Hammacher Schlemmer’s Landmark Store Offers a Fresh Look at Innovation

Hammacher New York Store InvitationOn Wednesday, November 20th, 2013, Hammacher Schlemmer will unveil its newly renovated landmark store in downtown Manhattan. The reimagined space features updated lighting, modernized display cases, and a new floor made of solid stone and hardwoods, providing an exceptional environment in which visitors can examine in person the innovative, problem-solving products for which it has become known for over 165 years.

Hailed in more recent years by The New York Times as a “renowned purveyor of bizarre gadgetry and elegant gifts”, “a mind-boggling treasure house of esoteric items” by the San Francisco Chronicle and Examiner, and “the darling of potentates and all manner of celebrities” by Town & Country, Hammacher Schlemmer began as a hardware store in New York’s Bowery district in 1848—a full 13 years before the Civil War began.

It quickly gained a reputation for offering some of the best tools to be found in the city.
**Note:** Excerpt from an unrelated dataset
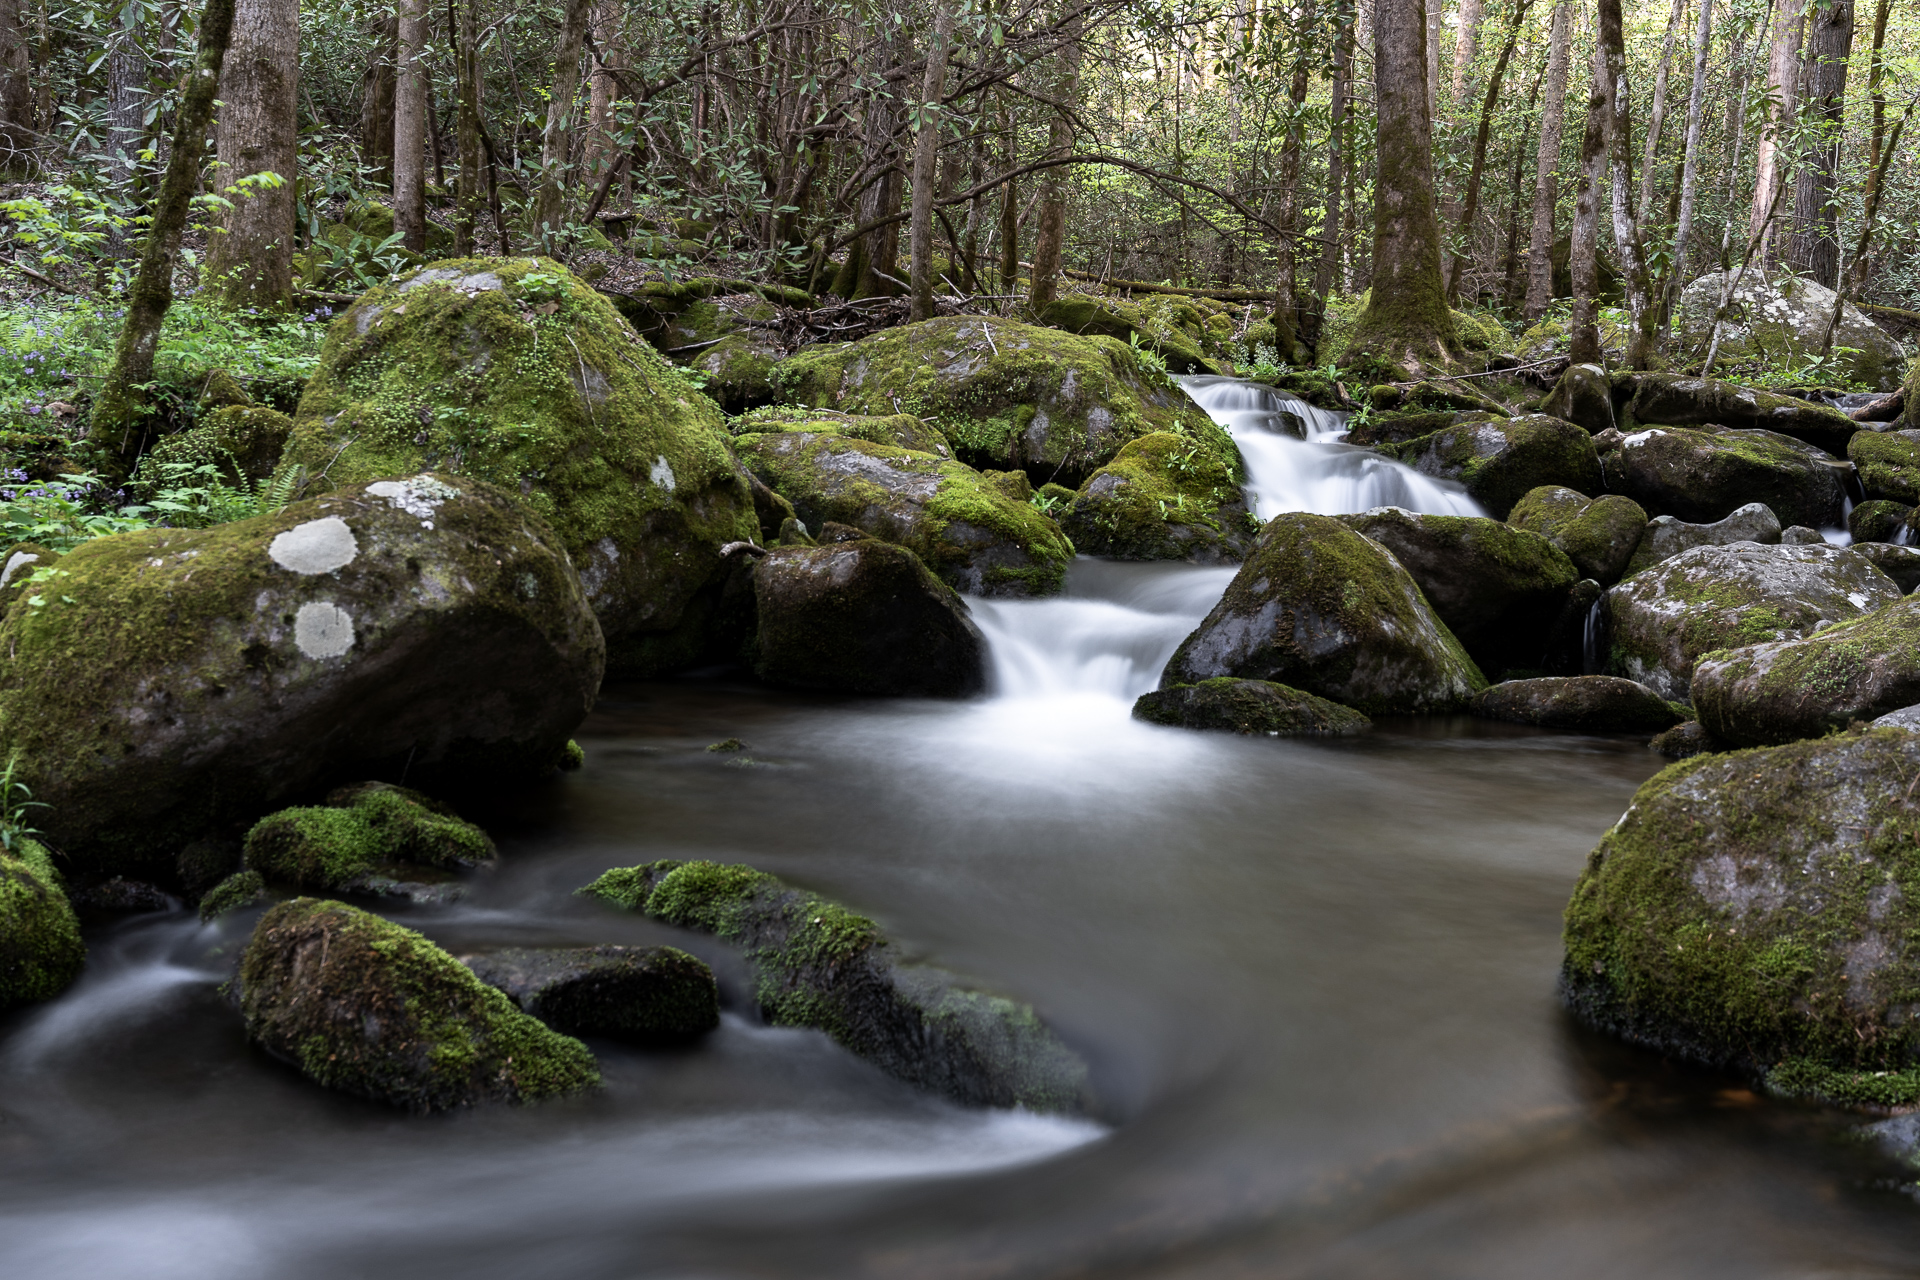 big-creek-gsmnp-great-smoky-mountains-national-park-Kathleen-Kathy-Roberts-Asheville-NC-Photographer-13.jpg

If an industrious mid-19th century New York craftsman needed a mortise gauge, saw bummer, or plumb bob, he sought it from Hammacher Schlemmer either in-person or by phone—in 1876, the store was listed among the initial 271 original subscribers to the New York City Bell Telephone directory.

A natural result of its burgeoning business, the company published its first catalog in 1881. Now the industrious craftsman could send for a hard-to-find tool not commonly found elsewhere. In 1896, it became one of the first retail stores to install electric lights. In 1902, when there were only 600 “horseless” carriages in New York City, the company opened the first auto parts department. Perhaps the greatest compliment to its reputation was provided in 1916, when Czar Nicholas II sent for one of every item in the store for use as manufacturing masters in anticipation of the Bolshevik Revolution.

To accommodate a growing assortment of products, the original store moved locations within Manhattan, finally arriving at its present location at 147 E. 57th Street in 1926.

During the 1930s and 1940s, the name Hammacher Schlemmer became synonymous with innovation. It introduced the first pop-up toaster (1930), electric razor (1934), and steam iron (1948), followed in later decades by the first electric can opener (1956), microwave oven (1968), and telephone answering machine (1968).

Visitors to the store in those days browsed among velvet-lined display cases after a greeting from doormen donned in tailcoats, the early manifestations of a fine shopping experience and superior customer service legacy that can be encountered today. Such an experience has compelled heads of state, royalty, stars of stage and screen, and captains of industry to visit the store to investigate its innovations. In addition to visits by those bearing the well-known names Vanderbilt, Morgan, and Rockefeller, F.D. Roosevelt favored kitchen equipment while J.F. Kennedy purchased an electric bed. The Beatles purchased as gifts hundreds of The Nothing Box—a sealed box with colored bulbs that flashed in a random sequence. Alfred Hitchcock purchased steak knives for use in his film Torn Curtain.

More recent innovations include the first automatic coffee maker (1973), cordless telephone (1975), pocket television (1983), portable DVD player (1998), TV wristwatch (2003), and the slide-to-digital picture converter (2007).

Although perceived by many over the last 16 decades as the store to find intriguing gadgets, Hammacher Schlemmer has always viewed its offerings as functional problem solvers-——it has always believed that the unusual should be exceptional, and the exceptional should be the norm.